Considering the above weaknesses, we think that an ideal faithfulness evaluation metric for summarization should be independent of other tasks and dataset-specific expertise, be able to generalize among different benchmarks and robust for the same document-summary pair. Zhou et al. (2023) concludes that instruction tuning is just to teach the model to produce high-quality output while almost all of the knowledge has been learned during pre-training for large language models. Based on their findings, we wonder: can we get rid of the popular prompting approaches and calculate the faithfulness score simply with a foundation language model, which meets the above expectations?

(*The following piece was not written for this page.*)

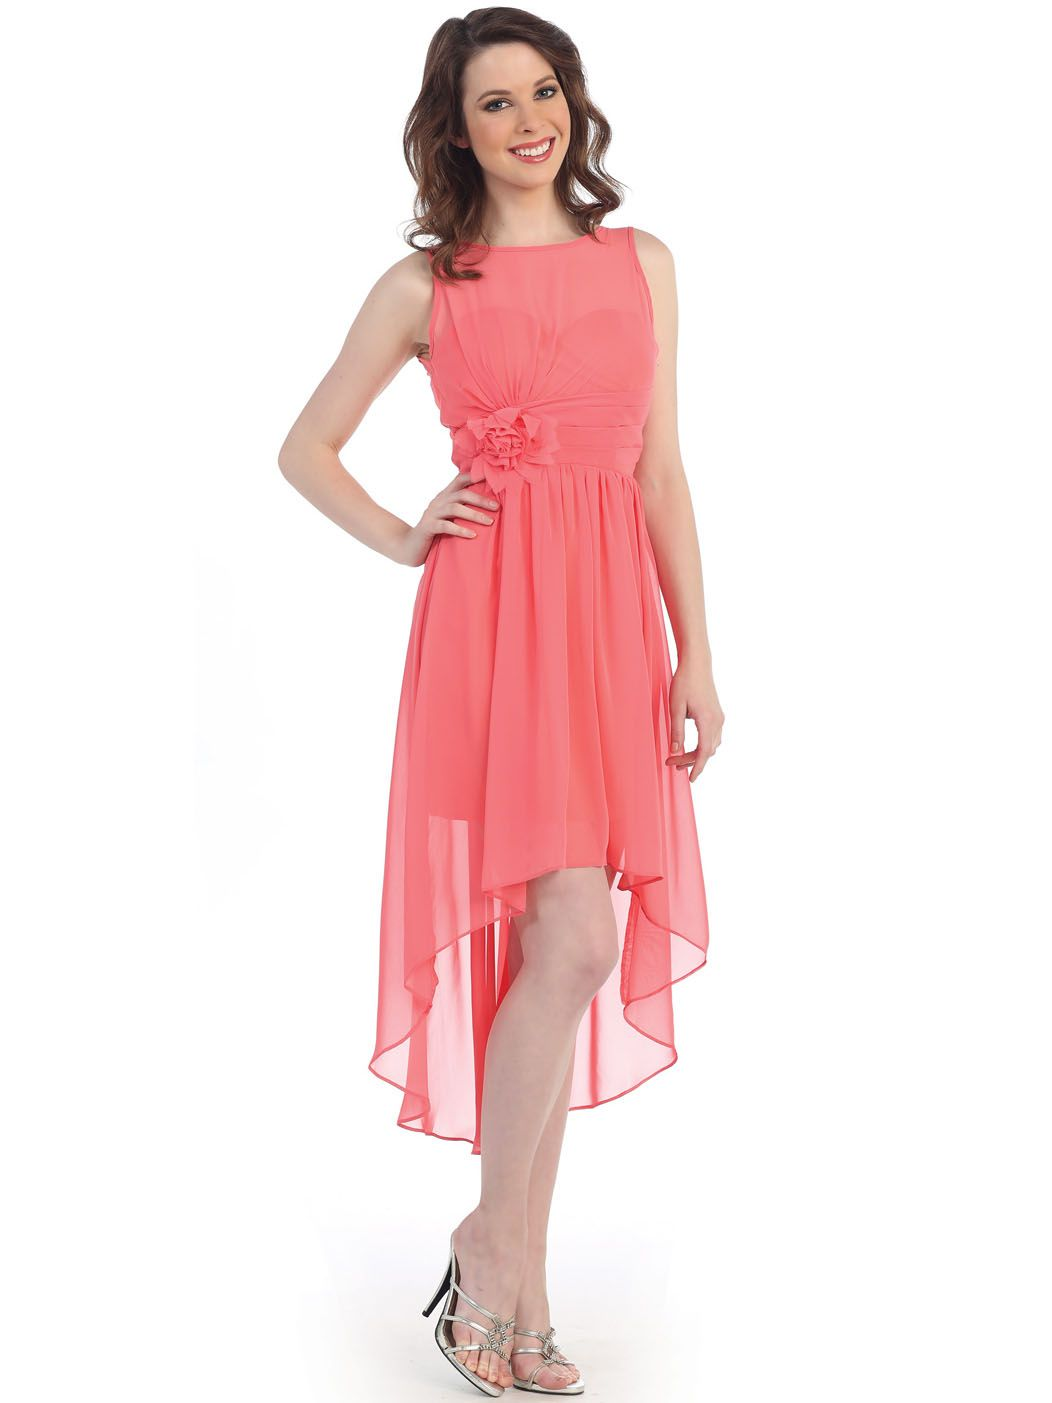 ebd1e5c9bd CN1381 Chiffon High Low Cocktail Dress - Coral

In this work, we propose a metric named FFLM for zero-shot faithfulness evaluation with a foundation language model. The intuition behind FFLM is that the generation probability of a piece of text will increase when prefixing another piece of consistent text. Following this intuition, we classify different kinds of probability changes into changes with prior probability and changes with conditional probability. The former contains a comparison between the vanilla sequence-to-sequence probabilities of the summary given document and unconditional probabilities of the summary, and a similar comparison by changing the position of the document and the summary. The latter calculates the vanilla sequence-to-sequence probability with another conditional probability by adding a piece of prefix text. Similar intuition has been considered in previous works She et al. (2023); Son et al. (2022). The major differences are that their metrics were carried out on models fine-tuned by summarization data and they only consider a single kind of probability changes. Our FFLM is based on the foundation language model, and we hypothesize that these different probability changes capture different hallucinations (see Sec. 4.4) which should be considered as a whole.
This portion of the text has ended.